Military Vehicles

Servicing Parking Brakes

I began working for a living around the age of eight. My dad owned a small scrap metal yard in Oakland, Calif., Prior to the age at which some boys join the Cub Scouts, I helped him run our business, prowling among mountains of junk, searching for tidbits of brass and copper, electric motors, and car and truck generators. At the end of the day, I was rewarded with enough pocket change to hit the corner market for sodas, chips, and candy bars. My starting pay was fifty-cents an hour — not bad if one considers that most candy bars were a nickel, Shasta sodas were twelve cents a can, and a local burger joint sold surprisingly good cheeseburgers for just a quarter. As a bonus, I also got to drive our 1946 Reo 2-ton truck around the yard and play with our 1937 Northwest crawler crane.

I knew it was time to get serious when dad took me to the Army Surplus store where he bought my first pair of steel-toed engineer boots. Before, my toes had suffered a lot in my Keds sneakers. I quickly discovered the joy of having armored feet, kicking anything that got in my way, including a nasty neighborhood dog. It was also cool not having to dodge if a greasy car battery slipped out of my hands while unloading a truck.
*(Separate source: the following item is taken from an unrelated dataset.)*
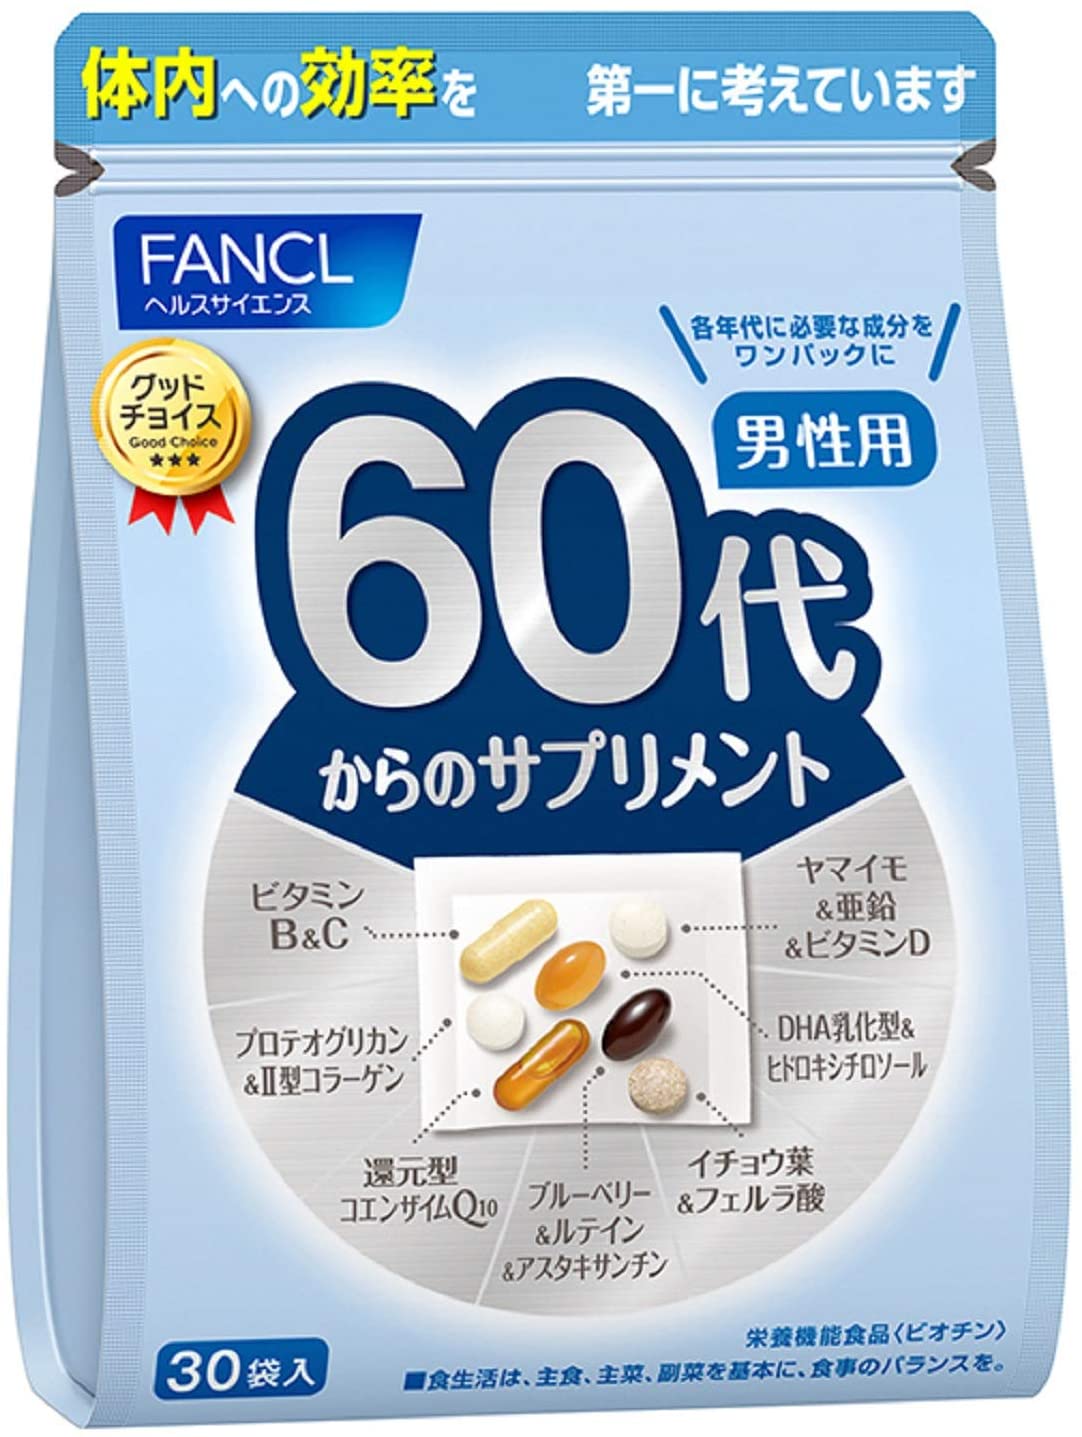 Витамины для мужчин Fancl 60+, 30 пакетиков по 7 таблеток

One of the many trucks that brought scrap to our yard was a war-surplus, closed-cab CCKW. While military fixed-sided cargo beds aren’t usually good for most civilian applications, this truck was good as scrap-hauler since we unloaded vehicles with a magnet on our crane.

One afternoon this truck pulled in with a load of railroad iron. My dad was on the crane unloading another truck, so the CCKW’s driver left his engine running and went to battle our antique Coke machine (it was like playing the slots in Las Vegas). I noticed that the idling CCKW was slowly rolling backward. I got the bright idea of stopping it by shoving one of my fearless steel toes under a rear wheel.